We are then left only with virtue ethics, which can be traced to Aristotle’s Nicomachean Ethics. Assessing individual moral actions isn’t the point of virtue ethics, as it is about having a good character, from which the proper actions follow. If we scan a table of Aristotelian virtues, however, it is hard to see how God’s character can be made to look good. For instance, beginning at the top of the table, clearly God was rash in his confidence of the positive outcomes to be elicited from the sacrifice of his Son. He is also self-indulgent in the kind of pain he allowed to be inflicted for the cause. In terms of honor, God comes across as a bit vane for pretending to save an entire species of free thinking creatures with a single act. The guy also seems irascible (too much anger), boastful (too much self-expression), boorish (deficient in conversation), cantankerous (bad social conduct), shameless, and somewhat malicious. All things considered, not at all a pretty picture, virtue ethics-wise.

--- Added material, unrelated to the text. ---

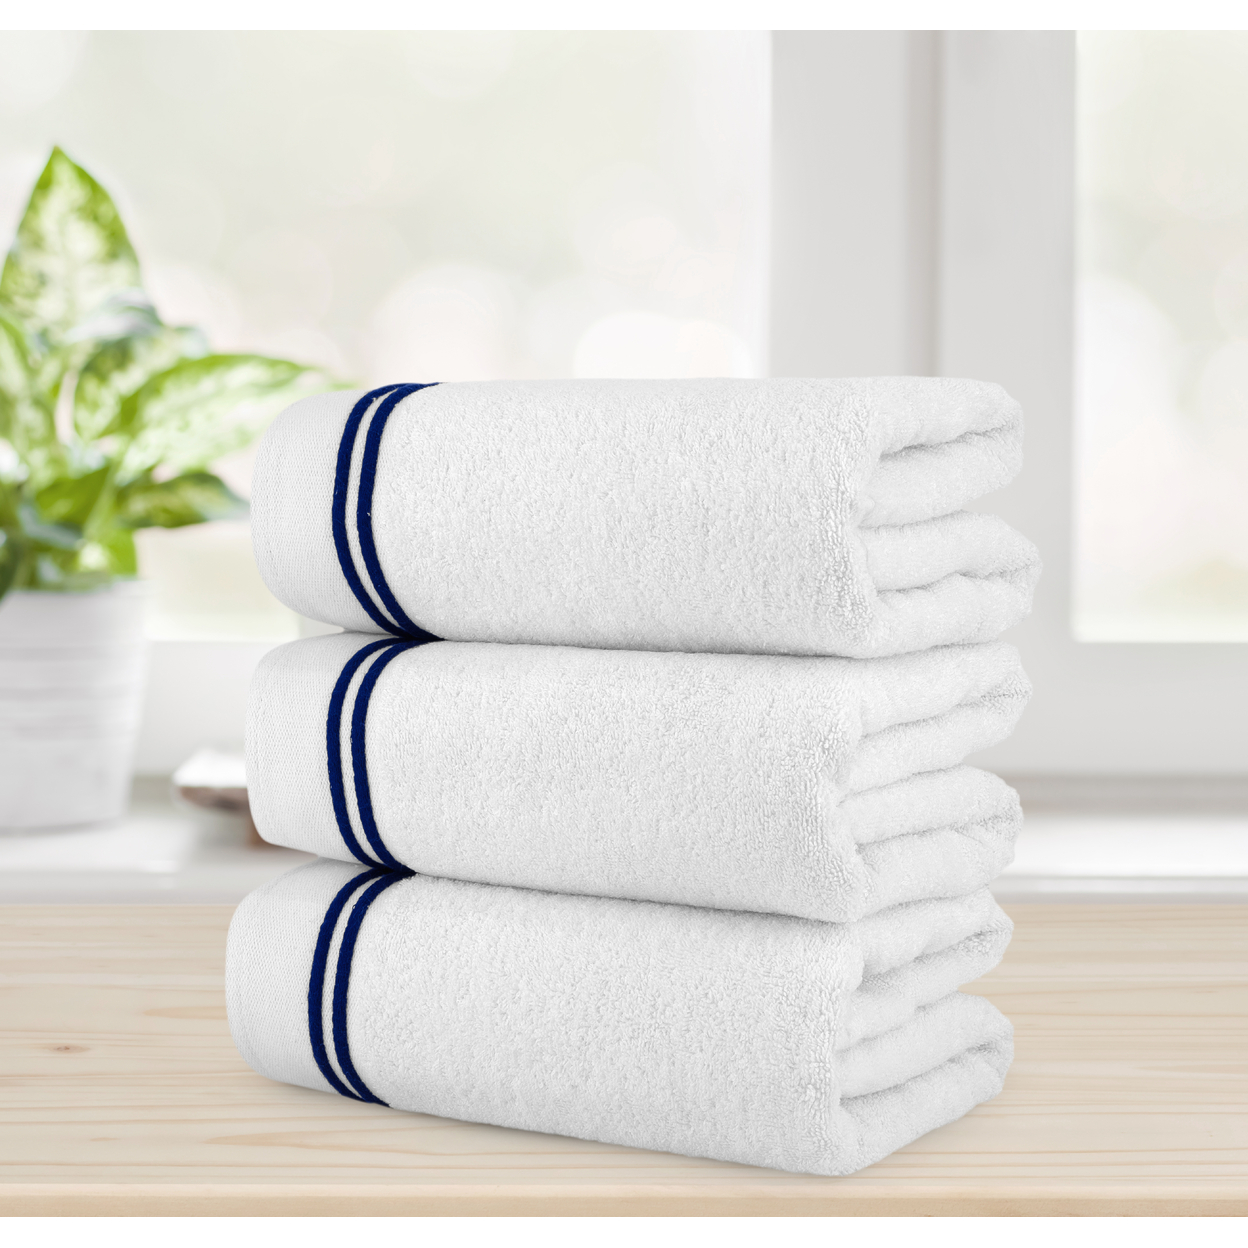 Chic Home Luxurious 3-Piece 100% Pure Turkish Cotton White Bath Towels, 30 X 60, Striped Hem, OEKO-TEX Certified Set - White-navy
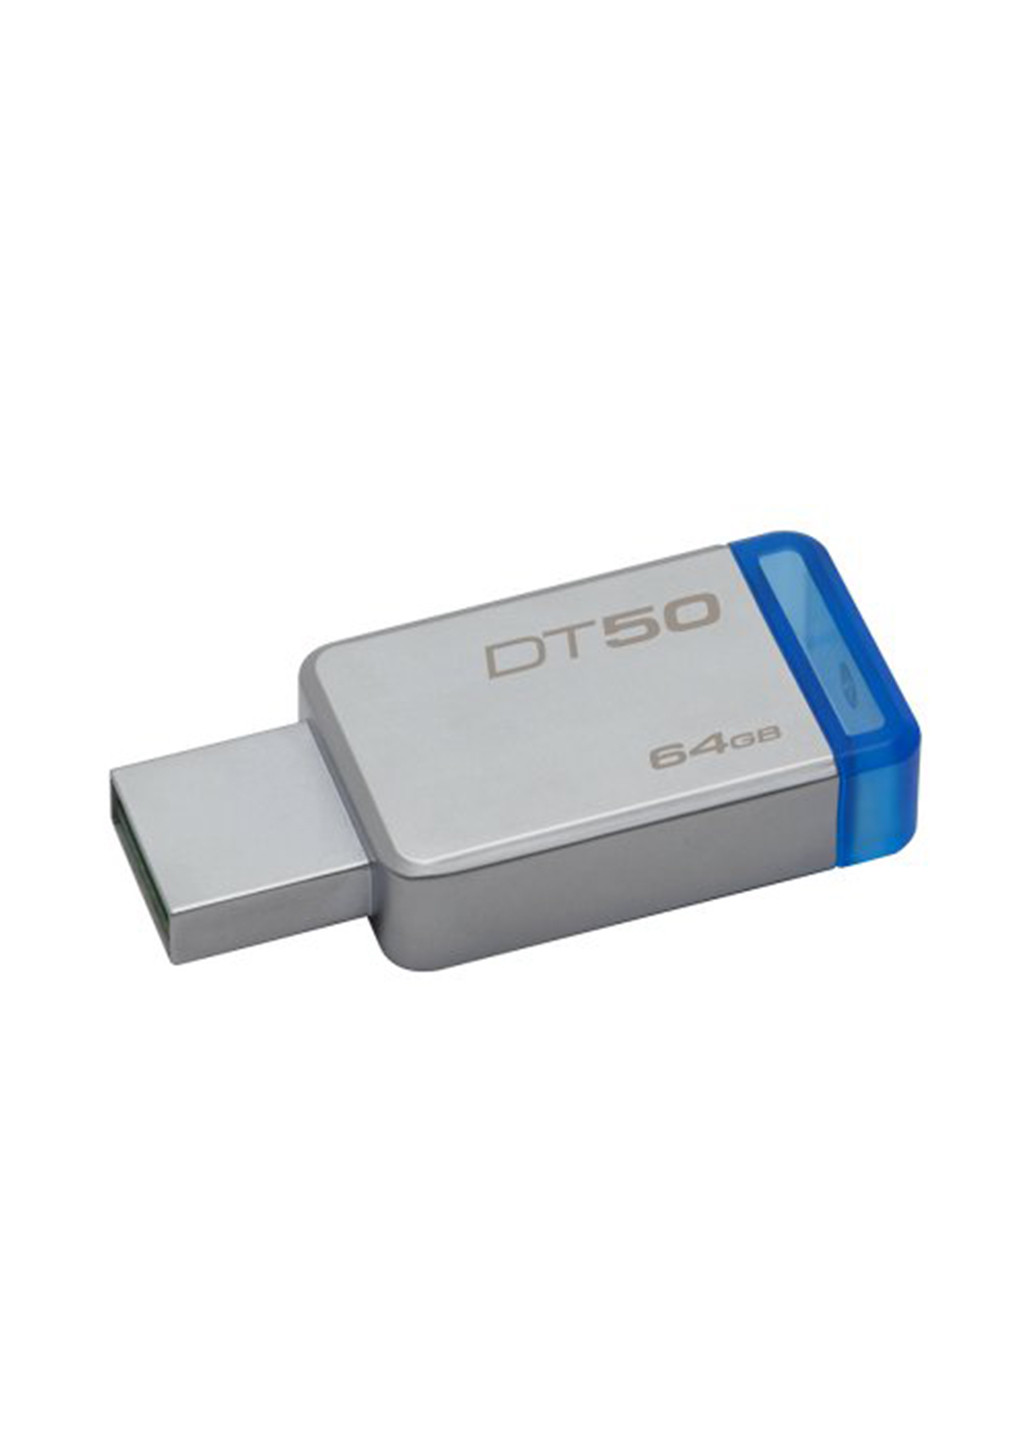 Флеш память USB DataTraveler 50 64GB Blue (DT50/64GB) Kingston флеш память usb kingston datatraveler 50 64gb blue (dt50/64gb) (139256221)

Of course, consequentialism, deontology and virtue ethics are not the only ways to look at the moral question. Perhaps there is an ethical school by which standards God comes across as the good guy, but I sincerely doubt it. Indeed, one of the things that strikes me as downright bizarre in people who worship the Old Testament fellow (which, technically, includes all Jews, Christians and Muslims) is precisely the fact that most of His followers are infinitely more moral than their God — and would readily realize that if they were not blinded by their faith. As Lewis Black puts it in the segment linked to above, “I would love to have the faith ... but I have thoughts. And that can really fuck up the faith thing. Just ask any Catholic priest.” Amen.